This paper was recently posted to the ArXiV: https://arxiv.org/abs/2503.21934
It claims that SOTA LLMs achieved surprisingly low scores on this year's USAMO, achieving less that 5% on average.
In some discussions of this paper I've seen AI defenders claim that the paper is fake.
This weekend I will look into the paper's methodology, try to recreate their results with the models I have access to (Deepseek, o3 mini, Claude 3.7 thinking) if things are still unclear, and determine whether I think the paper's results are substantially true.
Possible resolutions are:
100%, the paper's results seem basically correct.
80%, the main thrust is correct but it seems like models performed particularly badly in their tests or they graded unnecessarily harshly.
50%, I am more confused than I am now and don't form an internal consensus.
20%, the paper's results are substantially, but not wholly, incorrect in my view.
0%, this seems like a fake paper to me/is completely wrong
My credentials and current epistemic status:
Former USAMO competitor and current PhD student in math.
Significant AI skeptic compared to most of Manifold, but probably not compared to general population.
The results of this paper were surprising to me, I would have expected much better performance.
Since the resolution criteria are subjective, I will not trade in this market.
Resolved! My results/notes from looking into this, for review and/or critique:
I got responses that to me seemed similar to the ones achieved in the paper, so I don't think contamination was a major issue.
The grading criteria seemed basically correct for standard Olympiad scoring.
I got useful first steps on P1 and P4 noticeably more often than I would have expected for a 100% resolution, but the follow-through was noticeably and correspondingly worse on those as well.
My p(AGI) has gone down slightly! My rough guess is that there's a procedural component to problem-solving than I realized, which computational approaches do well, and there's an intelligence/reasoning-based component, which they do poorly. LLM progress is often seen as progress on the reasoning-based component, and maybe is to some extent, but it could also just be showing that the procedural component is bigger than we realize. On P1 in particular, it really shouldn't be difficult at all to go from a closed form for the digits to a full solution, and no model from the study does it ever afaict. My AGI update concretely is: intelligence is narrower than I realized, and can be approximated better than I realized by semantic pattern-recognition, but is further out than I realized as well.
Gemini 2.5 consistently gets P1 and P4, which is good! I do not really know how to interpret this fact, though. Subjectively, there's not enough playing-around in the CoT? Like, the model almost always wants to go simple case -> conjecture -> full proof, which is a fine strategy but not the only one.
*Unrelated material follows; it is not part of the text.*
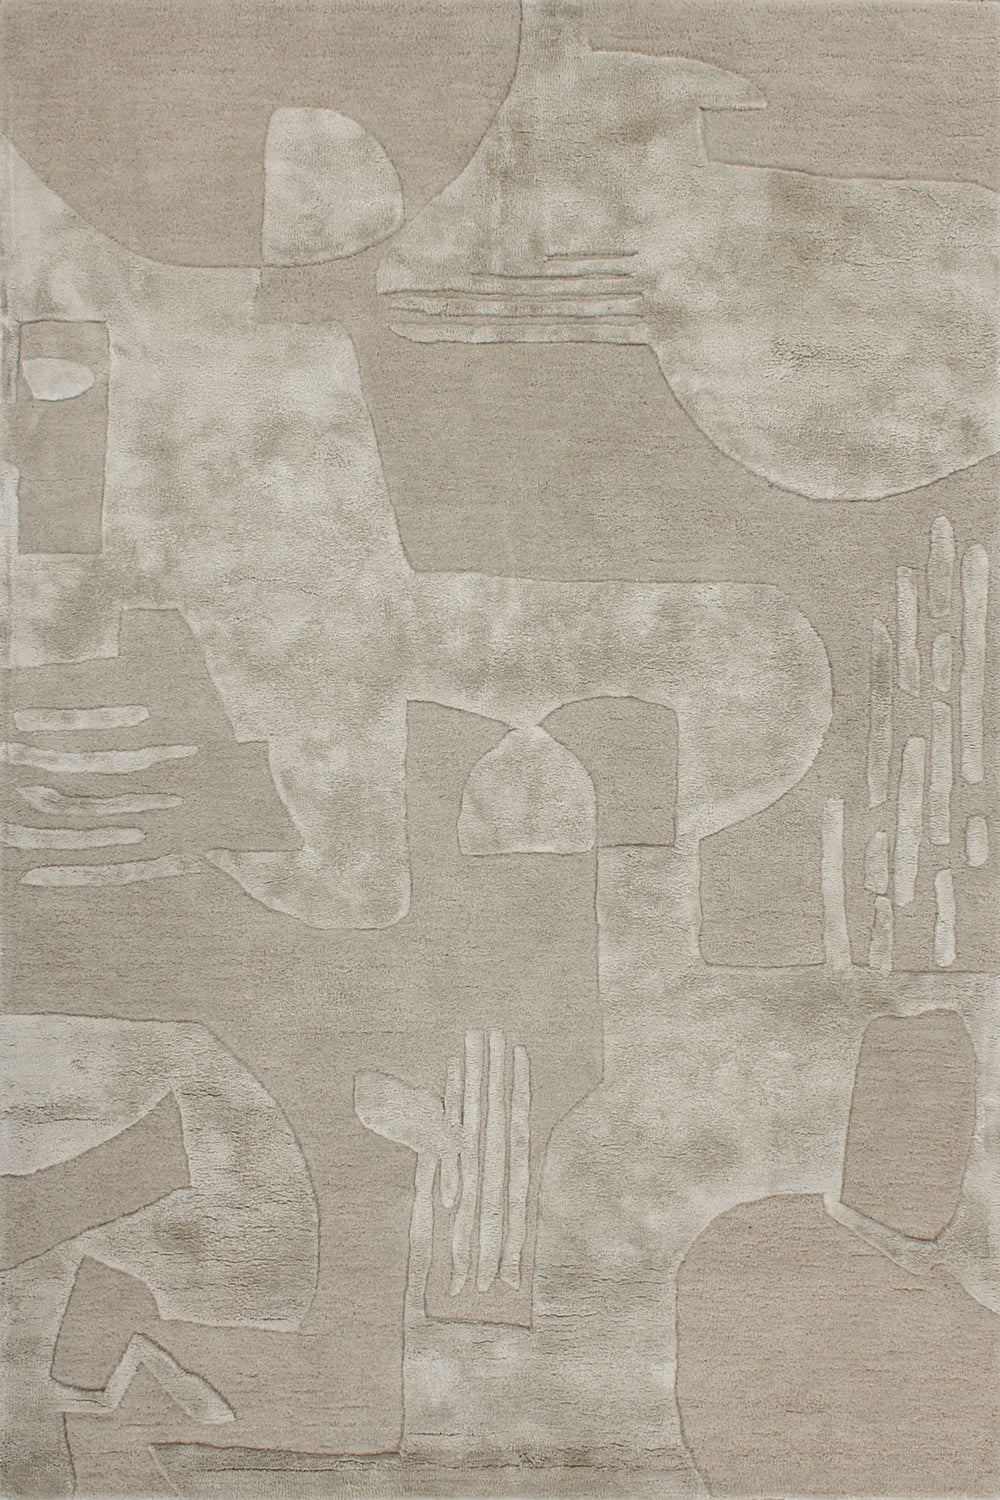 Paolo rug - pale cream with abstract high pile pattern

A much better strategy is almost always taking a complex thing (like n^k in base 2n) and breaking it down into parts that can be fiddled around with, and the models all really hate fiddling anywhere except the beginning of their thought process, at least as far as CoT reflects.
(Also: the amount of intelligence needed to turn the idea for P1/P4 into a proof is really a very small sliver of a shadow of something, it's not hard. Graphs showing that performance from, say, o3-mini to Gemini 2.5 jumps from 0% of possible points to 25% of possible points are not reflecting that we are a quarter of the way to 100%, do not believe that they are.)
Overall, conclusion of the paper seems more correct than I expected even conditioned on me finding it largely correct, so 100% seems like the appropriate resolution.
Aesthetic and non-resolution notes: P1 is worth playing around with if you are computer-brained. P6 is gorgeous (apparently problems like this are now more common in contest math, but they weren't when I was competing). P5 is also beautiful and worth a look if you are already experienced in contest math. P3 and P4 were not really to my taste, mostly I just hate drawing, P2 I'm not sure about yet.
@zsig This is a bit tricky and I'm not very confident in my ability to do it. Current plan is just to compare my results to the results from the paper and note the major discrepancies, then look through published solutions to see if those discrepancies are plausibly a result of recent training data. In principle unless one of these models updates their knowledge cutoff this shouldn't be an issue, but who knows what's really going on behind the scenes?